Ray-Cylinder intersection

For a given cylinder with radius $R$ and height $H$, a ray with origin $P$ and direction $RD$, find the first intersection point $P'$ between the ray and the cylinder.

First, I will simplify the problem by flatening the ray (so effectively this becomes a 2D problem). You can understand this as trying to figure out the intersection point between the ray and a slice of the cylinder.

$C$ is the slice center: $(Cylinder_x, P_y, Cylinder_z)$

$R$ is the radius of the cylinder.

$I$ is the intersection with this slice.

$\alpha$ is the angle between $RD$ and $CP$.

$T$ is a special point that makes the right triangles $TCP$ and $TCI$.
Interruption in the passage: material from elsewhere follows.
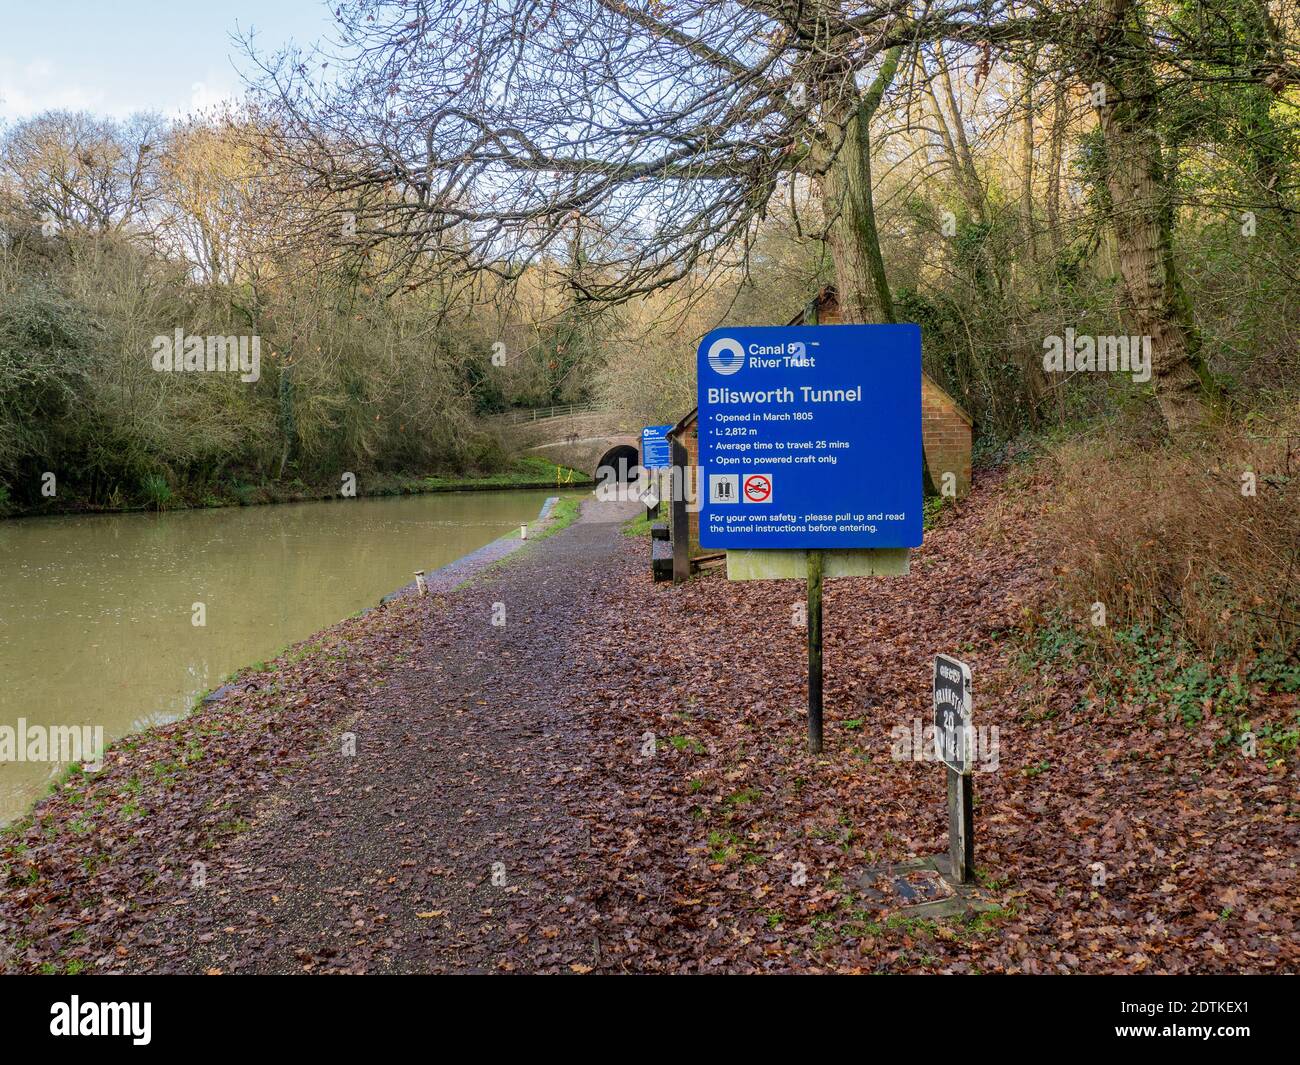 Canal & River Trust information board for Blisworth Tunnel on the canal towpath at Stoke Bruerne, Northamptonshire, UK Stock Photo
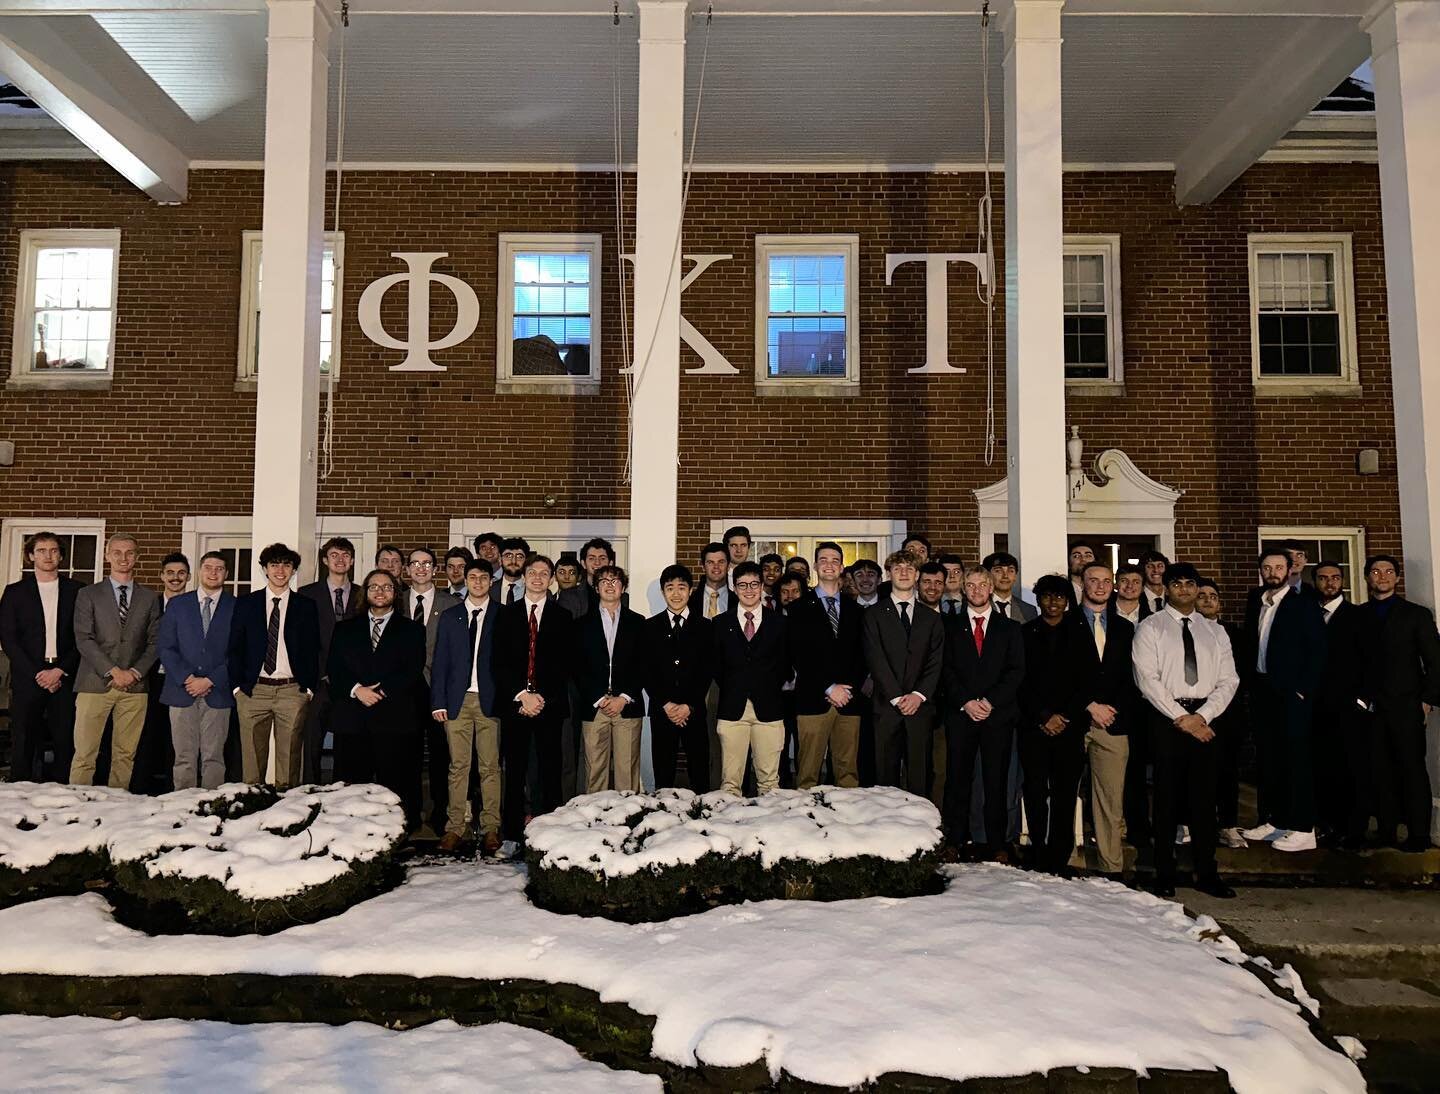 Big welcome to our new member class, the Chi class of 2023!

Finding the length of $PI$ will give us the point I ($I=P+\hat{RD}\cdot||PI||$). However, we don't know that distance yet! Note that $||IP|| = ||TP|| - ||TI||$, so if we can figure out this two lengths, we can solve point $I$! First I want to find $||TC||$ as this is a common side of the two right triangles: $TCP$ and $TCI$. There are two methods of figuring it out:

Method A:

$RD_f = (RD_x,0,RD_z)$

$c = \hat{RD_f} \cdot \hat{CP}$

$\alpha = \arccos c$

$\sin \alpha = \frac{||TC||}{||CP||}$

$||TC|| = \sin \alpha \cdot ||CP||$

Method B:

$||TP|| = CP \cdot \hat{RD_f}$

$||CP||^2 = ||TC||^2 + ||TP||^2$

$||TC|| = \sqrt{||CP||^2 - ||TP||^2}$

Method A is quite simple to understand, we just use simple trig to find the angle and then resolve for $||TC||$. Method B takes advantage of vector projection to figure out $||TP||$ and then we solve for $||TC||$ with the pythagoras theorem. I will use Method B as we will re-use $||TP||$. Finally to get $||TI||$ we can do:

$R^2 = ||TC||^2 + ||TI||^2$

$||TI|| = \sqrt{R^2 - ||TC||^2}$

With this information, we can go back to the original representation of the problem:

We can represent the distance $||P’P||$ as:

$||IP|| = ||TP|| - ||TI||$

$\cos \beta == \hat{RD} \cdot \hat{CP}$

$\cos \beta = \frac{||IP||}{||P’P||}$

$||P’P|| = \frac{||IP||}{\cos \beta}$

$P’ = P + \hat{RD} \cdot ||P’P||$

And there we have it! An intersection point… Not really. Before wrapping this up we need to check for rays missing the cylinder and also take into account the cylinder caps. The first thing to note is that all of this must be done in cylinder local space (or some assumptions won’t work). We can start by discarding rays when $||TC|| > R$.

Before checking for the cylinder height, we are going to limit the ray direction y to be positve:

$|{P’}_y| > \frac{H}{2}$

$ A = |P_y| - \frac{H}{2}$

$Y_d = (0,-1,0) RD_y \leqslant 0$

$Y_d = (0,1,0) RD_y > 0$

$ \cos \omega = \hat{RD} \cdot Y_d$

$ \cos \omega = \frac{H}{D}$

$ D = \frac{H}{\cos \omega}$

$ P’ = P + \hat{RD} \cdot D$

Finally, we need to check that $P’$ is within the cap:

$\sqrt{{P’}_x^2 + {P’}_z^2} > R \Rightarrow discard.$

And now we have an intersection point that takes into account the caps. I implemented the intersection code bellow using three.js:

Appendix:

In this implementation I’m not taking into account rays starting inside the cylinder. Also, this could be extended to provide the second intersection point.